What can staging the story offer that the film can’t?

John Tiffany is directing, I know, and he’s had a lot of success adapting projects before: he got loads of critical acclaim for his production of ‘Once’, which was originally an Irish musical film. And by all accounts he put on a great version of ‘The Glass Menagerie’ by Tennessee Williams, so I’m sure ‘Let The Right One In’ is in very safe hands! Onstage, I think it will be brilliant to see that relationship between Oskar and Eli develop with ‘live’ actors, so to speak, and to be privy to those small nuances and flashes of growing empathy and understanding. It’s a creepy, eerie story rather than being bombastic and scare-heavy, and that atmosphere should translate brilliantly to the stage.

 

What songs would go on your ‘LTROI’ playlist?

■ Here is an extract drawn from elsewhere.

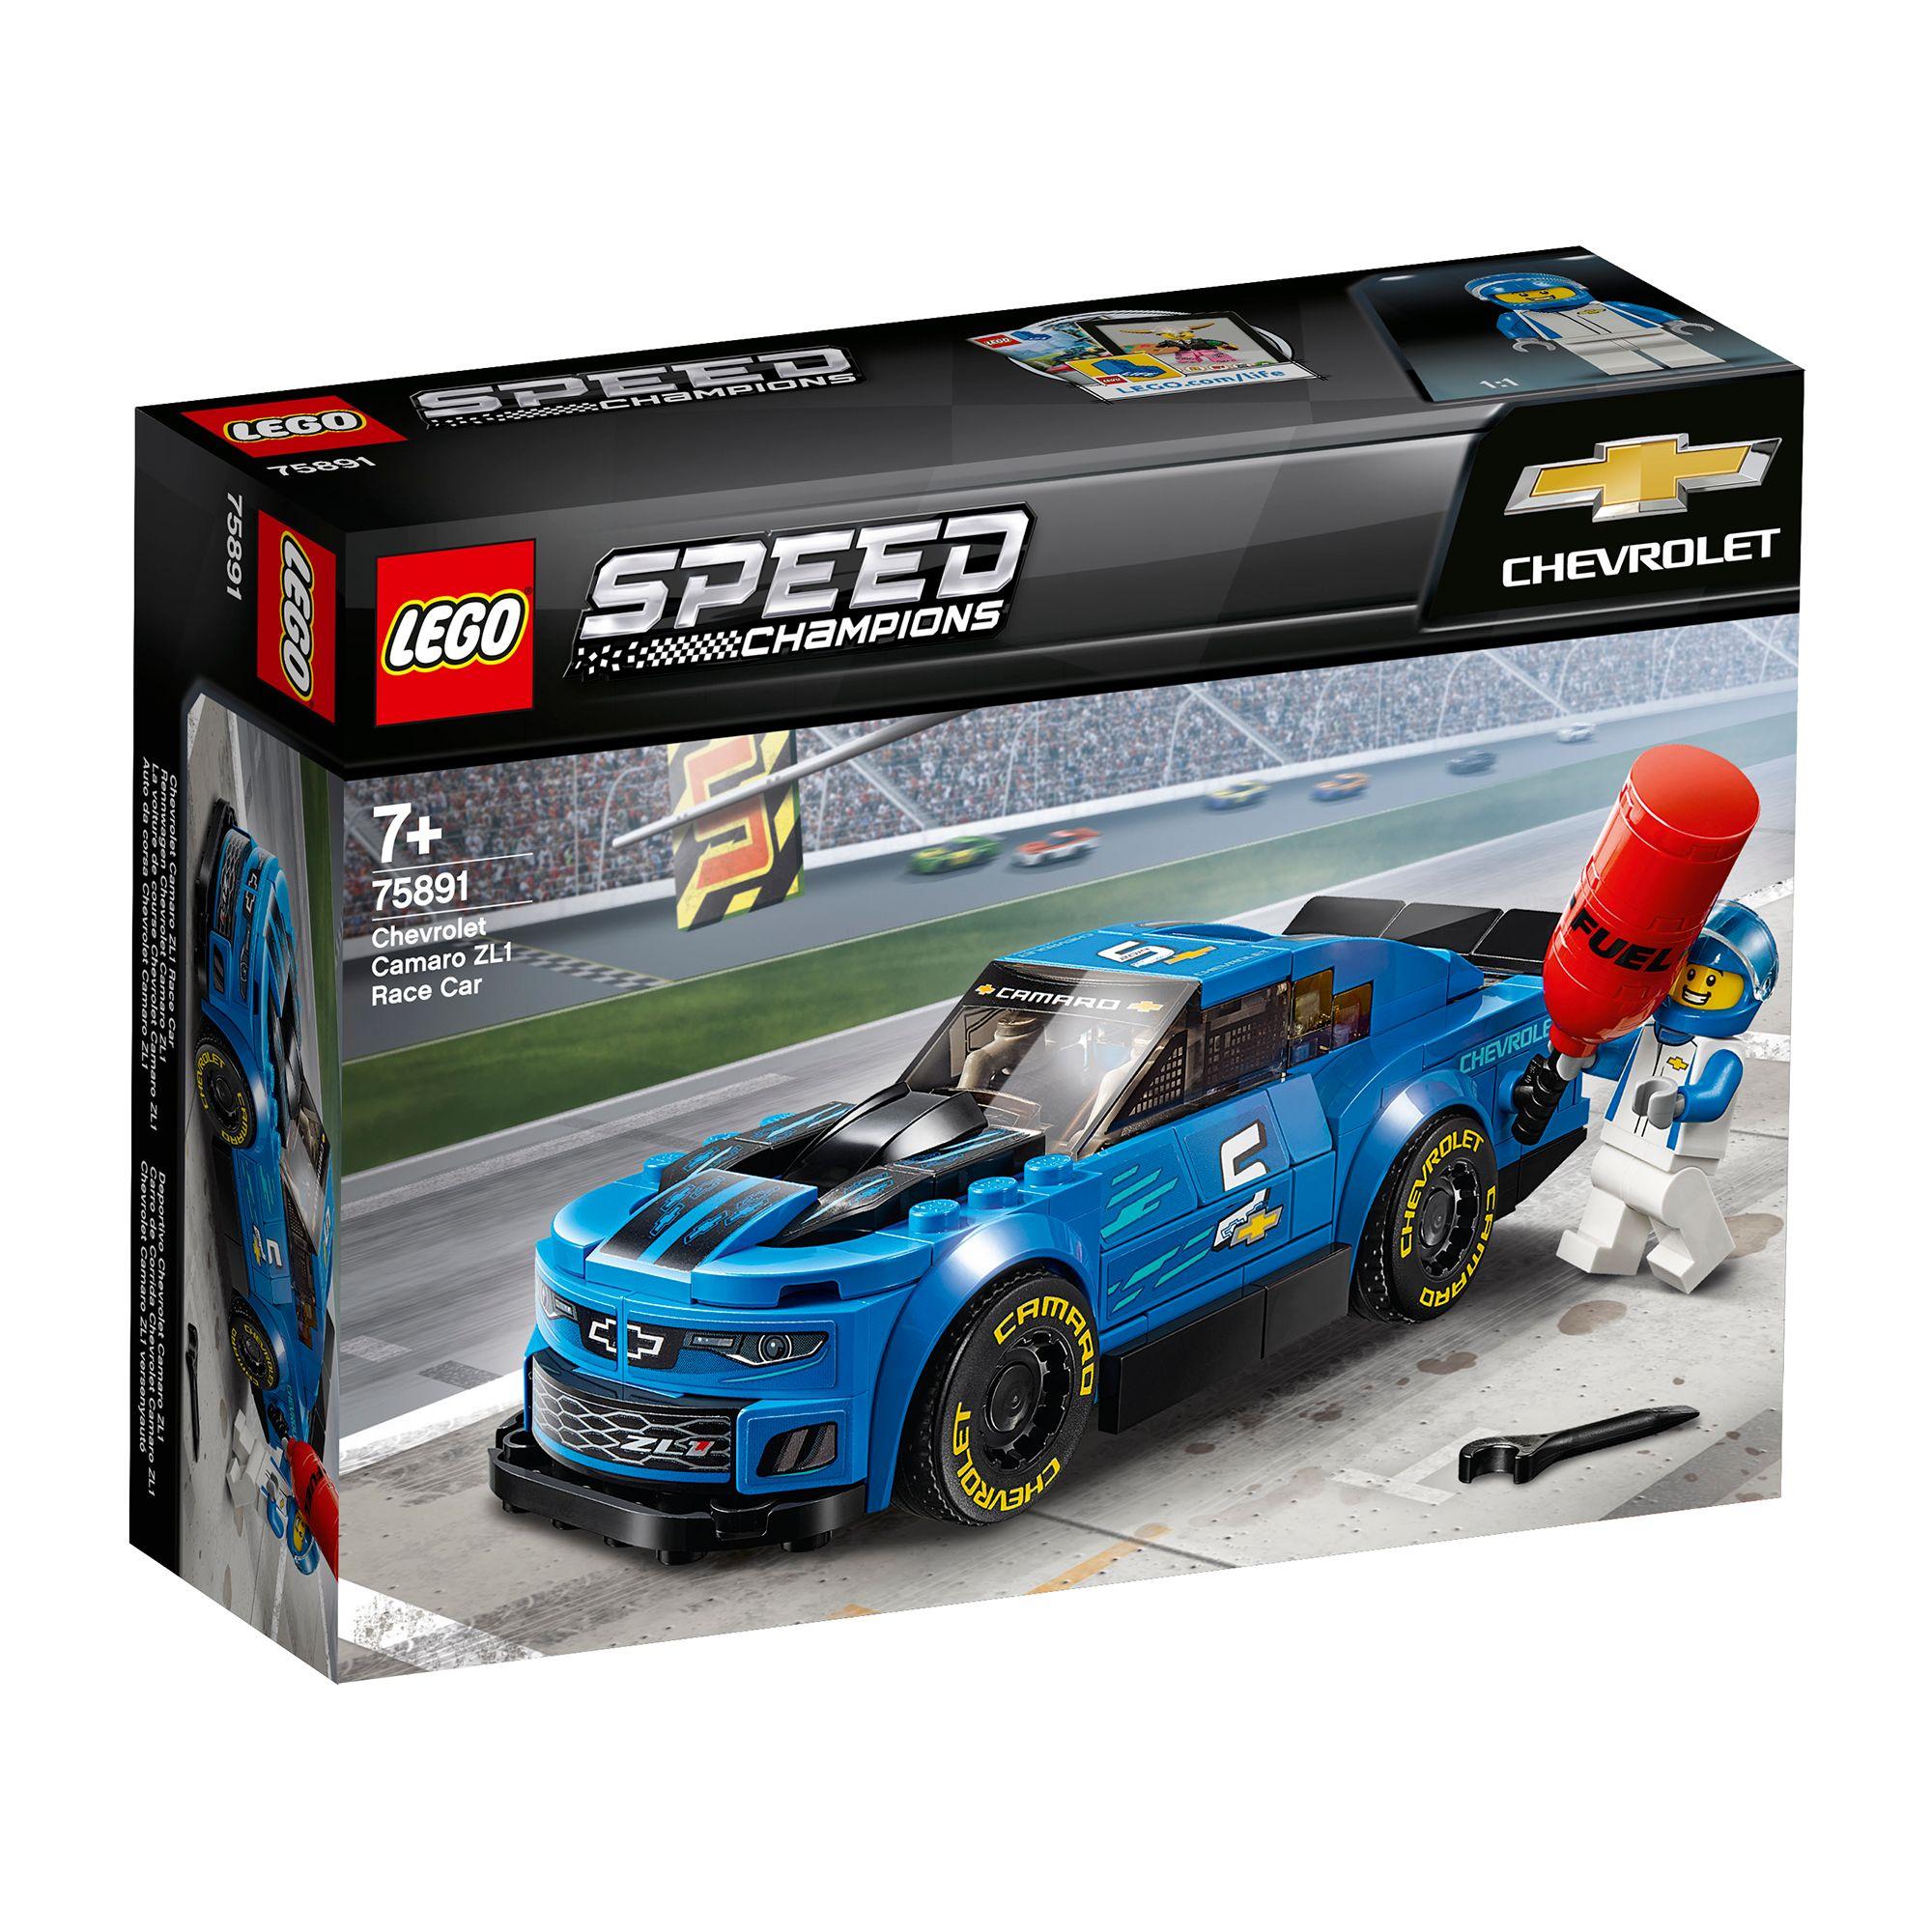 Masina de curse Chevrolet Camaro ZL1 (75891) | LEGO

Well! It would be a shame not to include the Morrissey song ‘Let The Right One Slip In’, really – that’s the inspiration for the novel/film’s title, and there’s obviously the same morbid, luxuriant loneliness in The Smiths that there is in the book, too. So, in-keeping with that theme, ‘When I Grow Up’ by Fever Ray would be perfect: it’s the solo project of The Knife’s Karein Dreijer Anderson, and it’s an amazing song about the world from the odd, magical viewpoint of a child. For creepiness, you couldn’t go wrong with ‘Down By The Water’ by PJ Harvey, which is as sinister and unsettling as they come, and ‘Play Dead’ by Bjork, too. And then you’d need something to capture the Oskar and Eli relationship – maybe ‘There She Goes, My Beautiful World’ by Nick Cave and The Bad Seeds. Not exactly a party playlist, is it? A definite shortage of bangers there.

 

What stage adaptations of horror films would you like to see made?

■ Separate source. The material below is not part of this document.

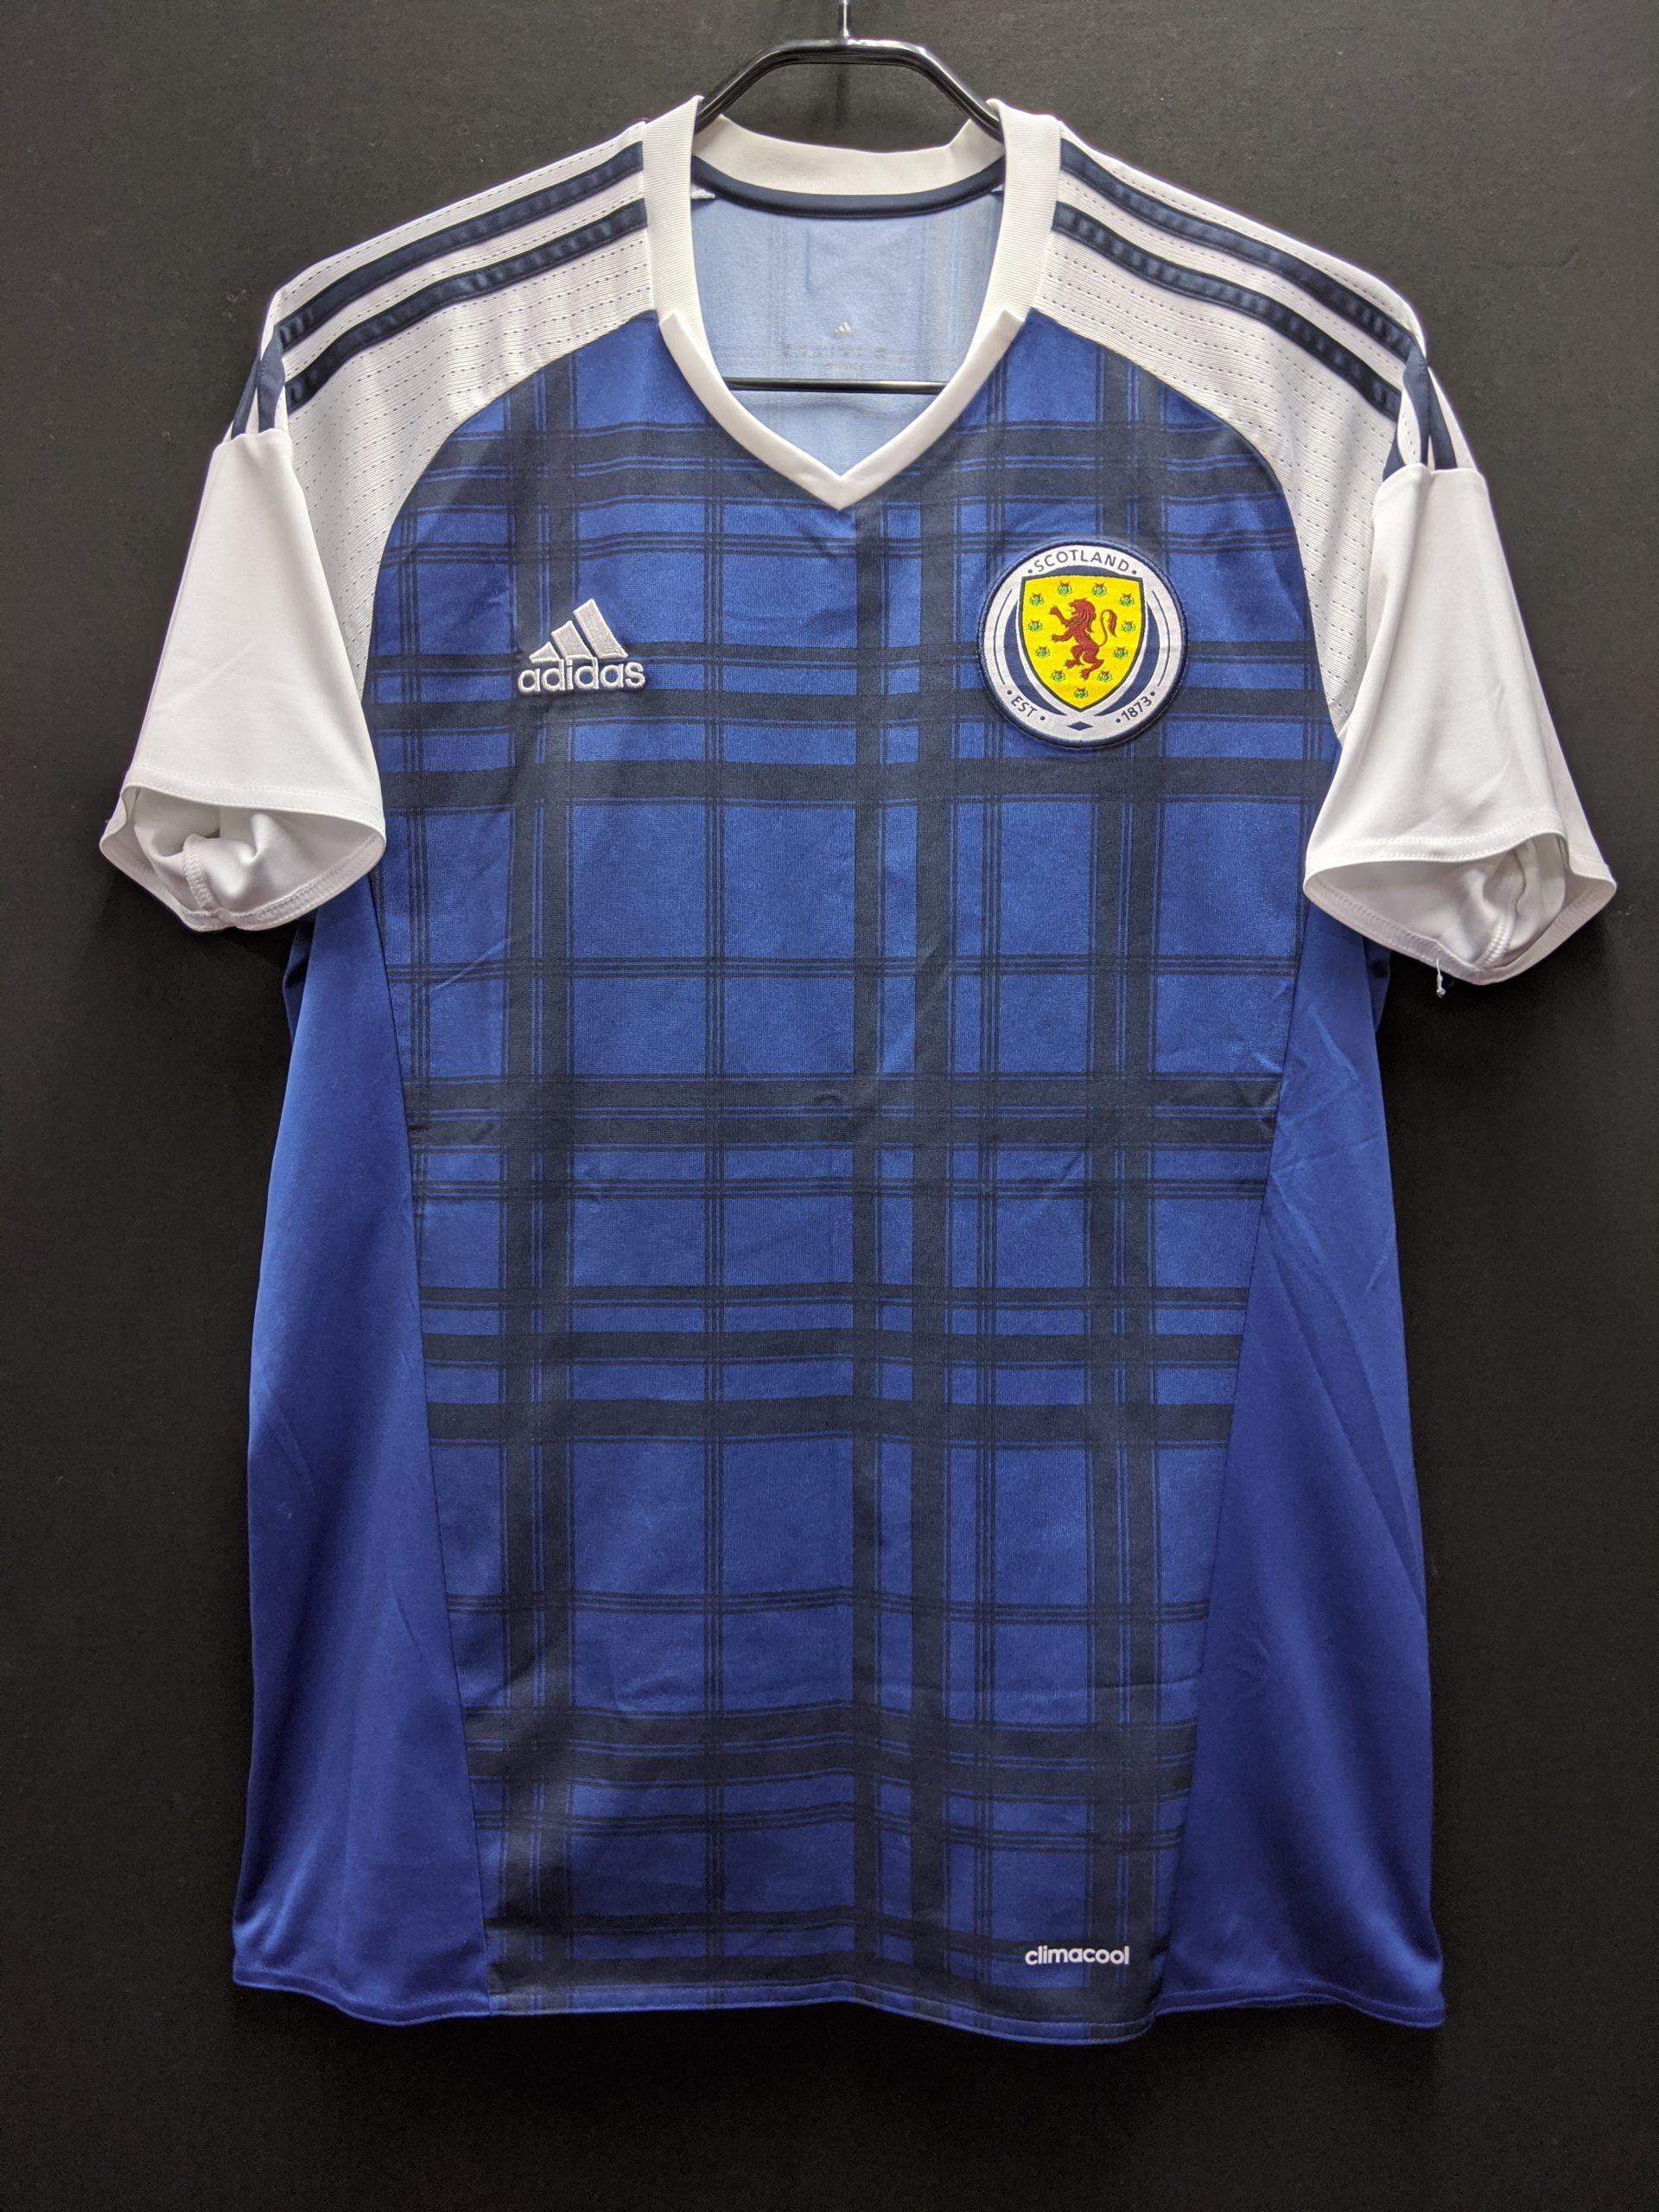 2016年スコットランド代表ユニフォーム

There’s plans in the US to make a stage version of ‘The Shining’, which should be interesting if nothing else, although I’m not too sure how that will translate to the stage – I pity the poor sod who’s responsible for building the topiary maze. And although it’s currently being turned into a TV series in the US, I think ‘Rosemary’s Baby’ would be brilliant onstage: a story that’s genuinely scary, but the terrors of which mostly reside in your own mind and imagination.

 

Best stage to film adaptation?

‘A Streetcar Named Desire’ with Vivian Leigh and Marlon Brando is a classic, obviously, so that’d probably be top of my list. And it’d be closely followed by ‘Glengarry Glen Ross’ – originally a David Mamet play about loose morals in a real estate office in corporate America, brought to life by Kevin Spacey, Al Pacino and one of the best cameos ever from Alec Baldwin – and ‘Disco Pigs’, an Irish film about an unhealthy, destructive friendship which was one of Cillian Murphy’s first standout performances. It’s hard not to love anything which brought Cillian Murphy to the world’s attention.

You’re throwing a dinner party and you only have room for one more guest. Out of these you need to ‘Let The Right One In’ – who’s it going to be?

Werner Herzog, Mary Shelley, Morrissey, Danny Dyer or Lena Dunham?

Ha! It’s highly unlikely that any dinner party I threw would only have room for one more guest – believe me, there’d be lots of empty seats still available. I’m not sure I could whip up a menu that would be to Morrissey’s tastes, and Lena Dunham would have to be a no, too, because there’d only be room for one hapless, socially awkward 20-something at the table. I’m not sure it’d be a nawty enough evening for Danny Dyer, either, so it’s a toss-up between Werner and Mary… given the latter’s been dead for over 150 years, I’ll choose her. She’d probably enjoy a good night out, all things considered.